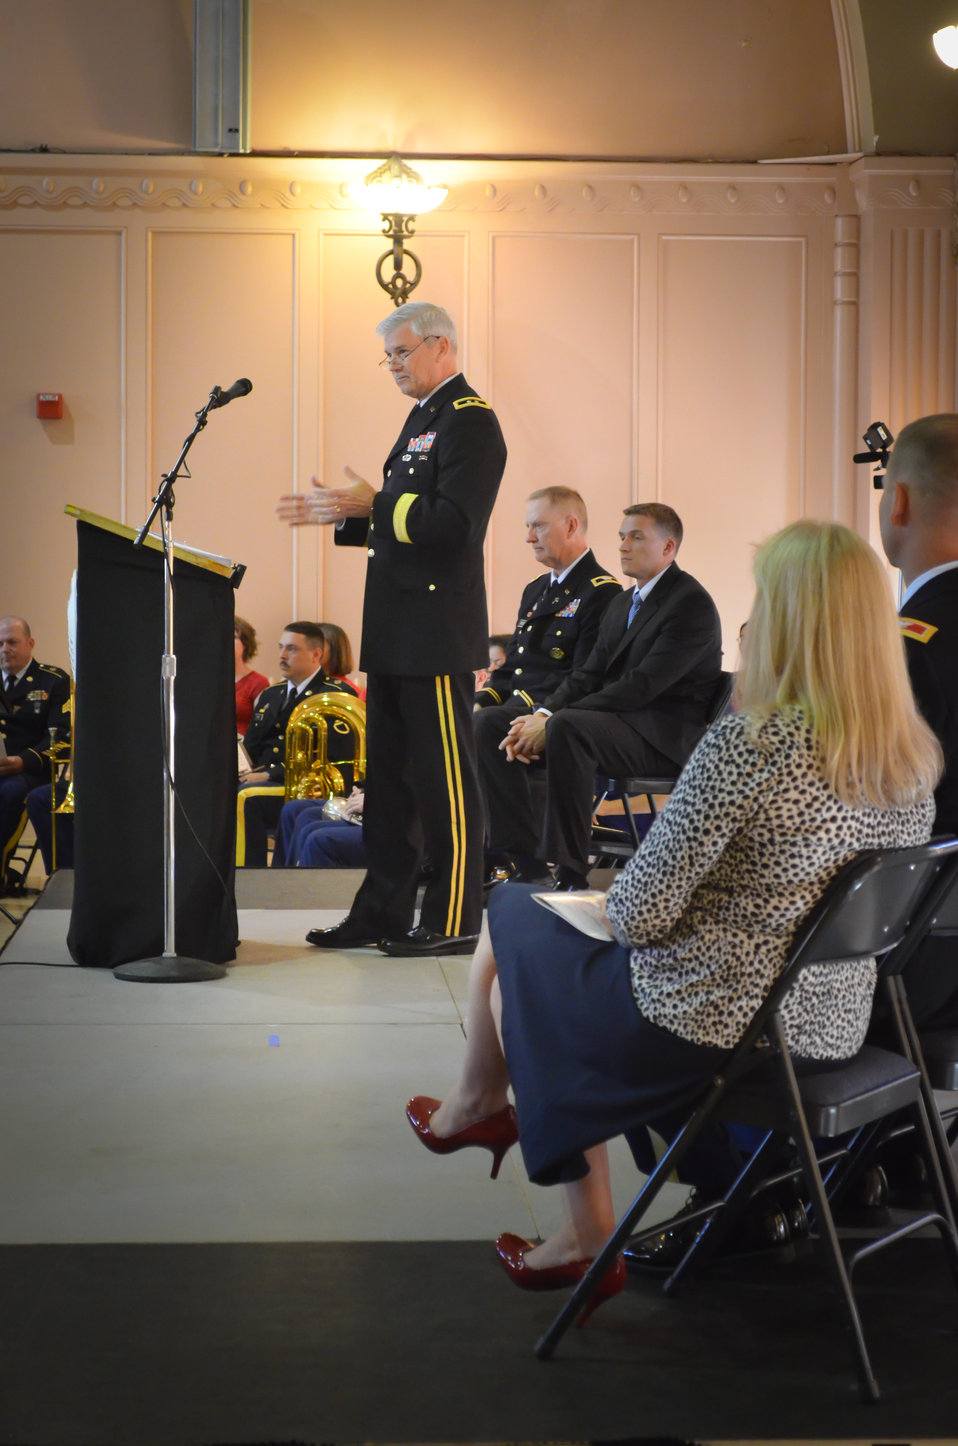 Major Gen. Walsh offers remarks
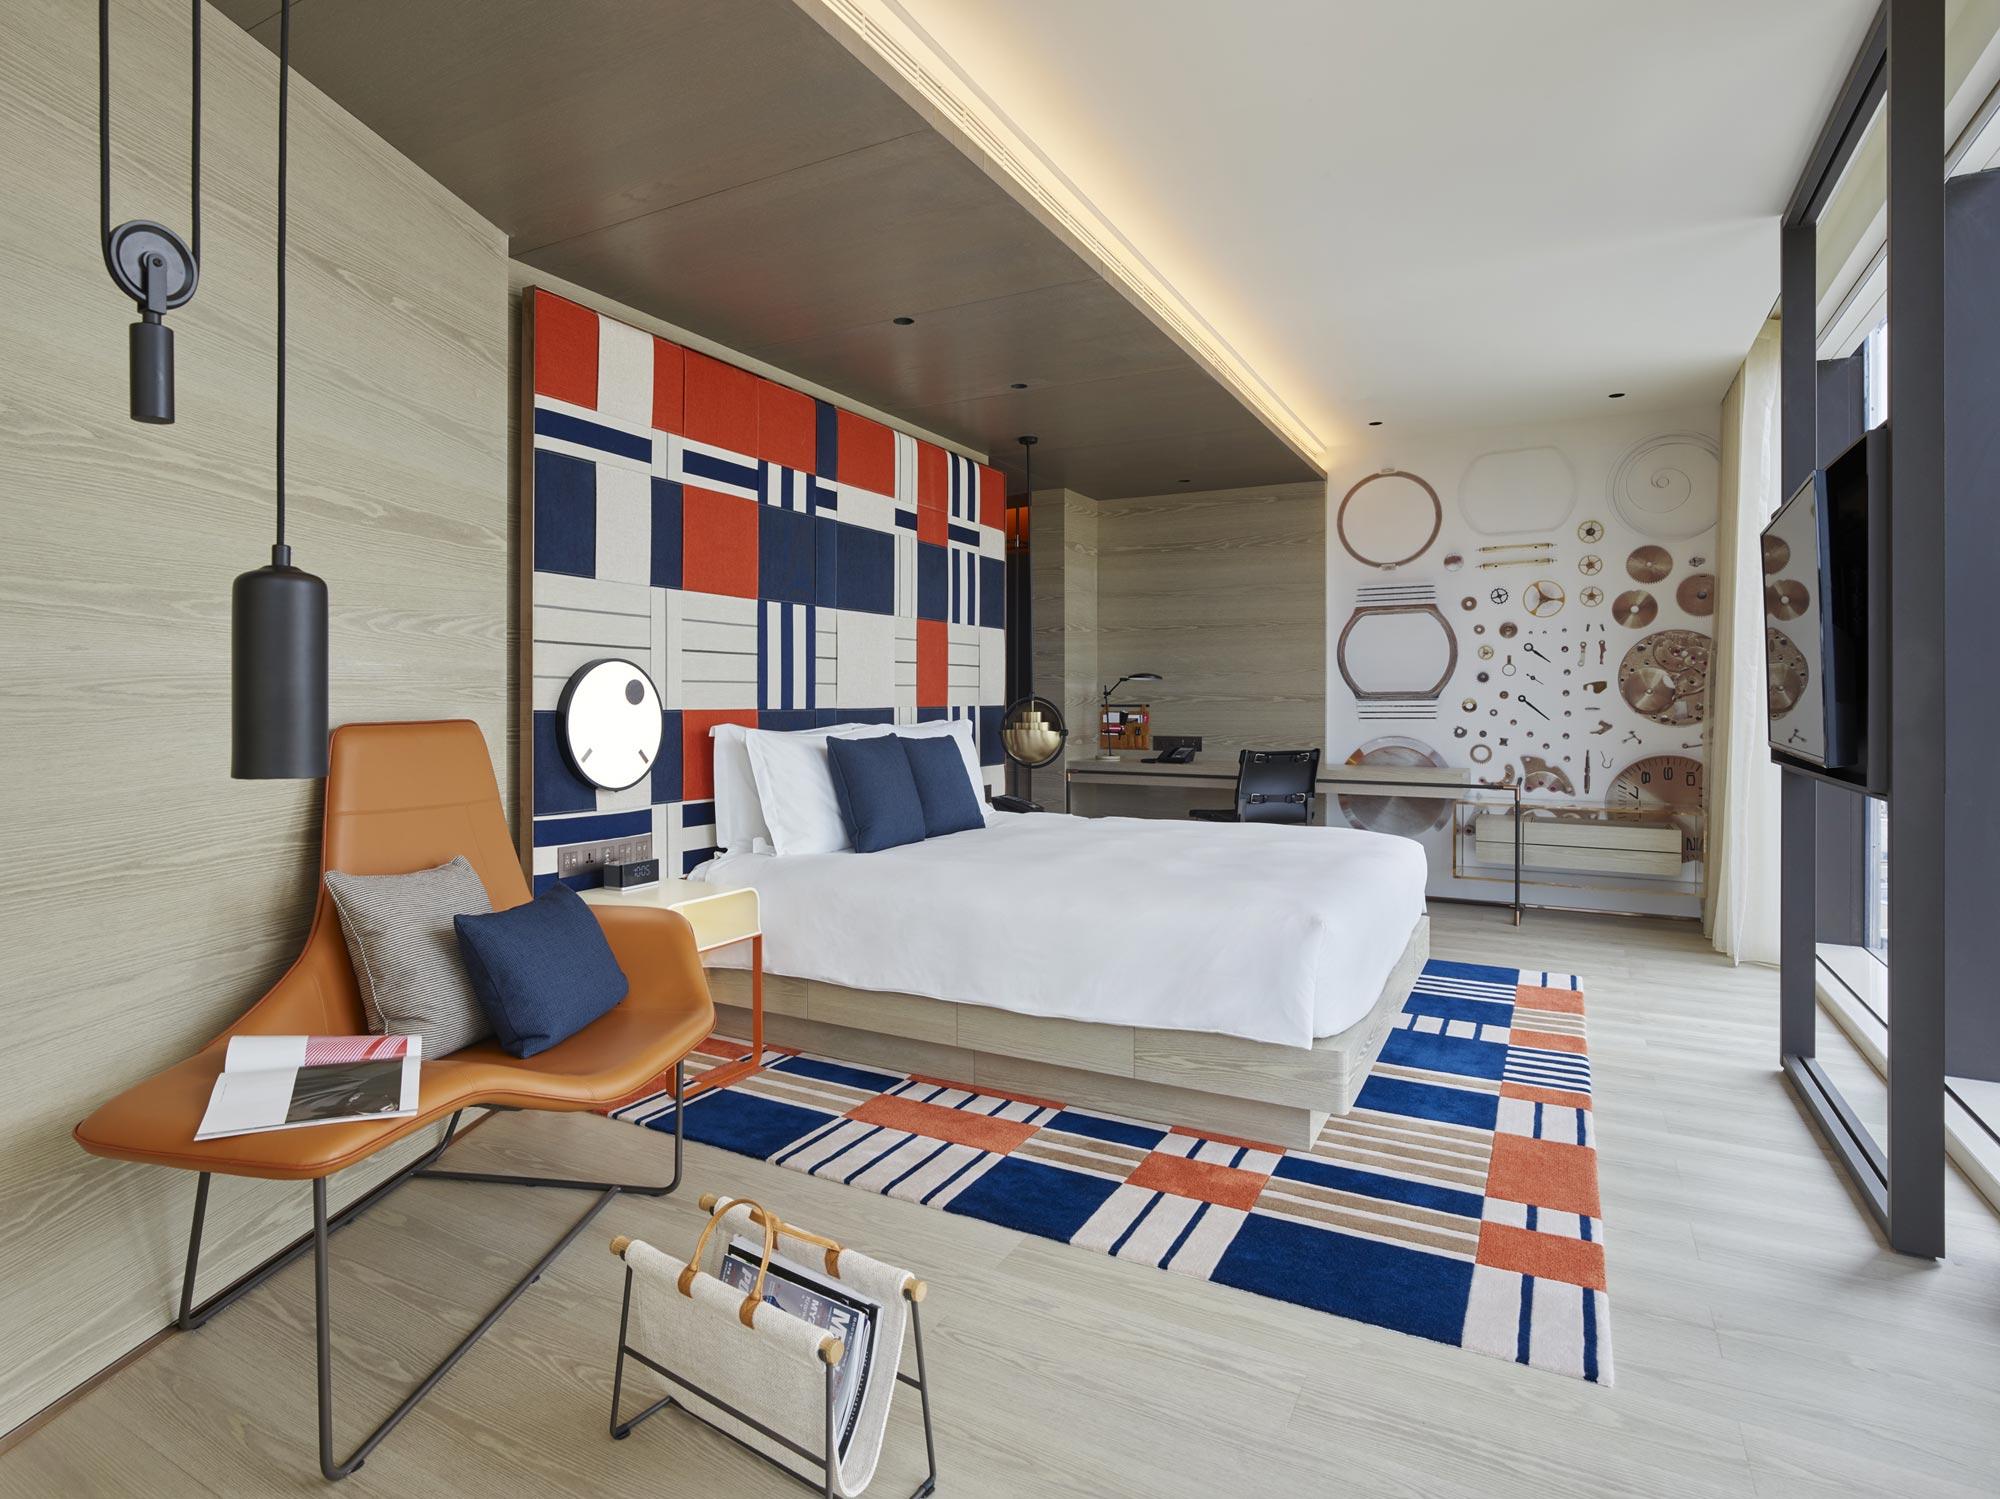 Hirsch Bedner Associates hotel design project images for SBID interior design blog, Project of the Week
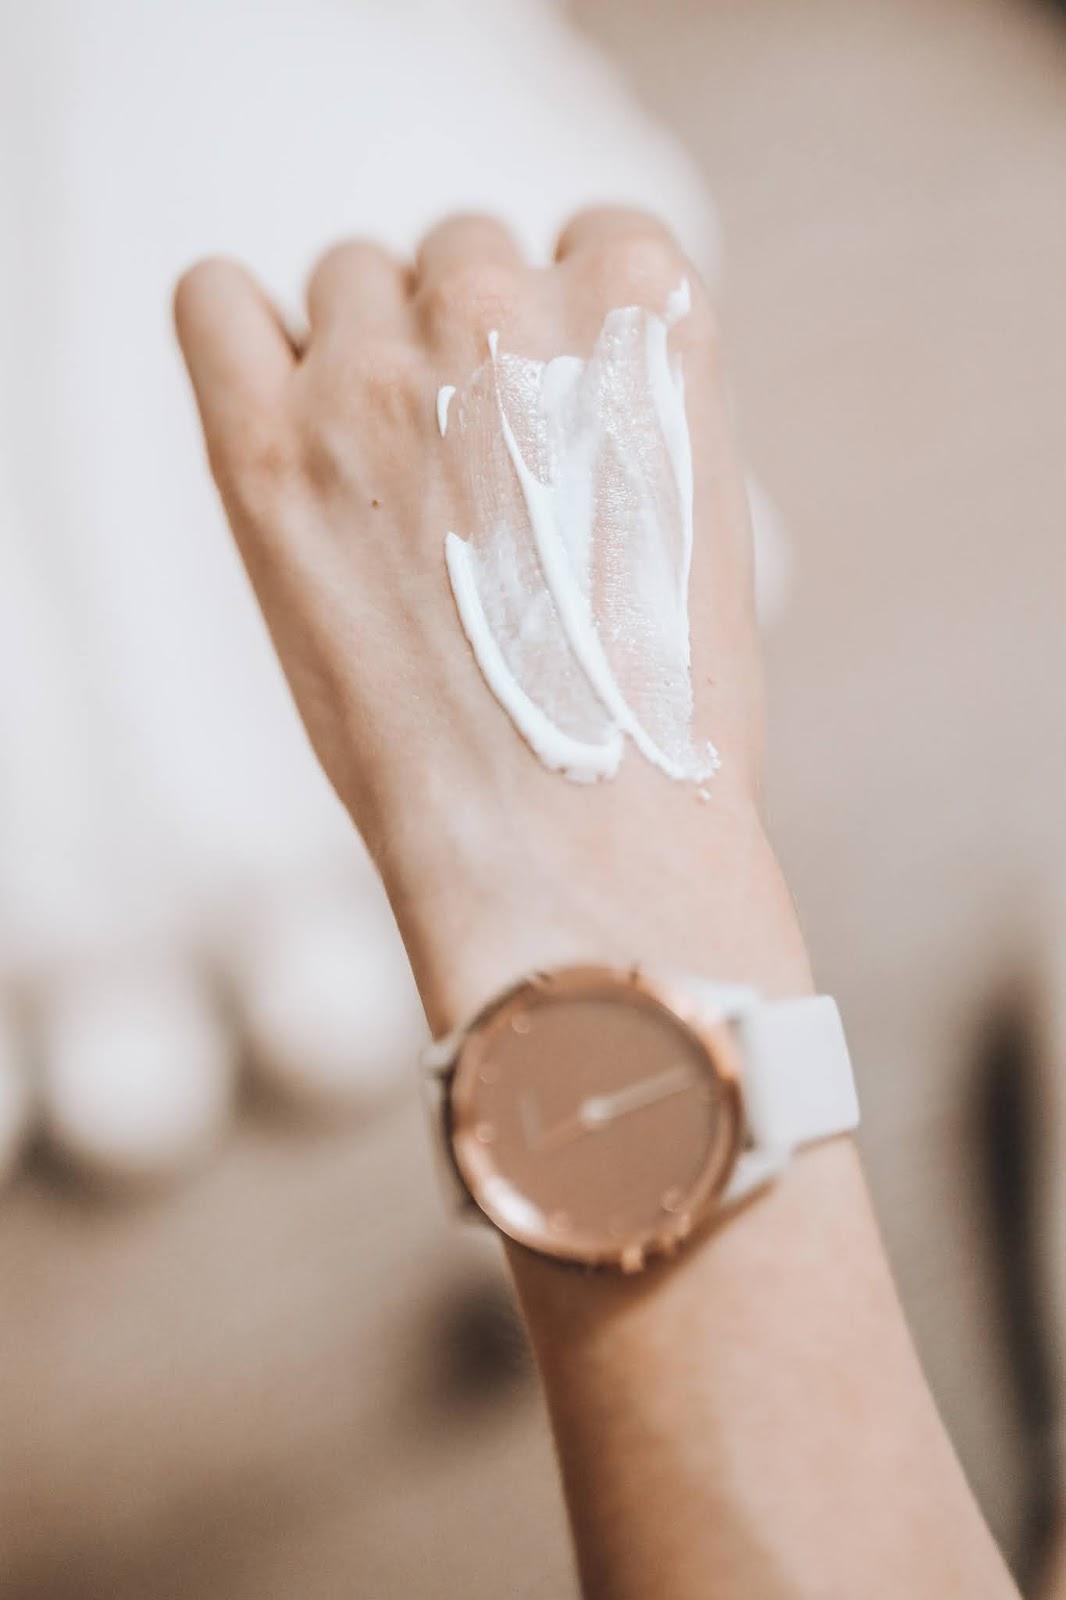 Charlotte tilbury magic cream light swatch
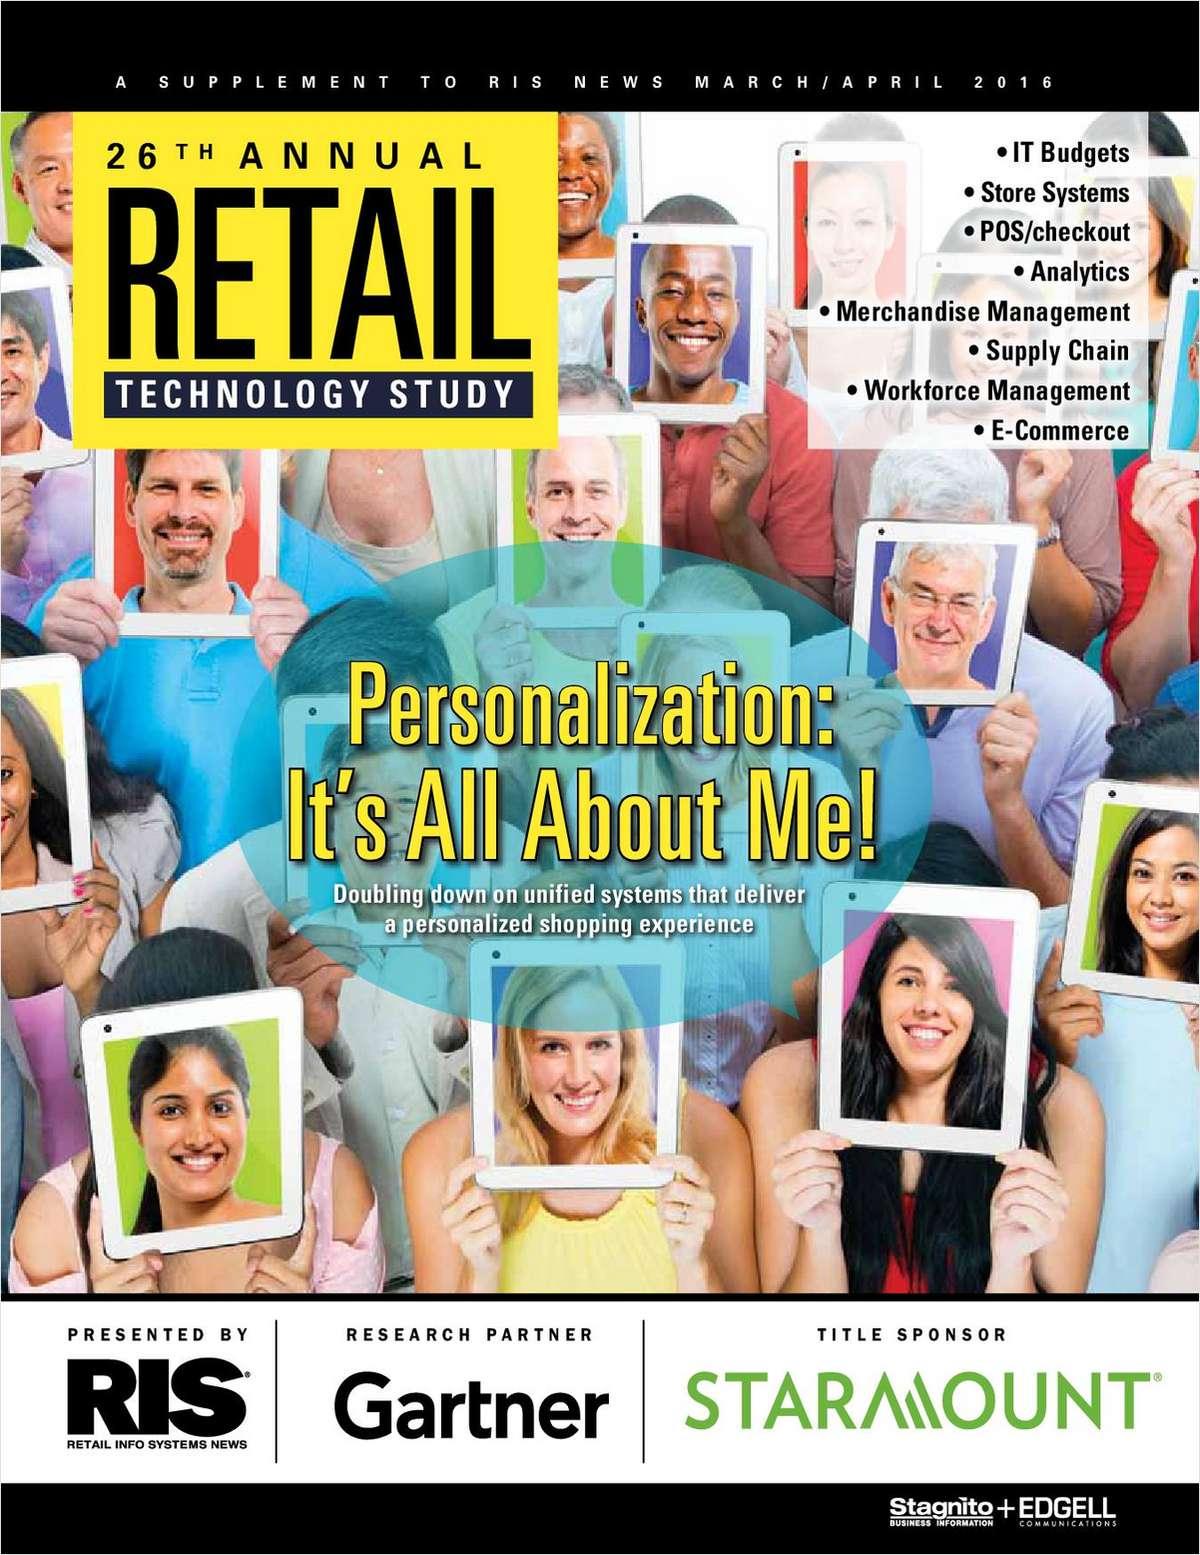 25th Annual RIS/Gartner Retail Technology Study

....

• **Task to complete**
Reproduce the whole listing above word for word, dropping each image.

• **Solution to this exercise**
 Major Gen. Walsh offers remarks
 Hirsch Bedner Associates hotel design project images for SBID interior design blog, Project of the Week
 Charlotte tilbury magic cream light swatch
 25th Annual RIS/Gartner Retail Technology Study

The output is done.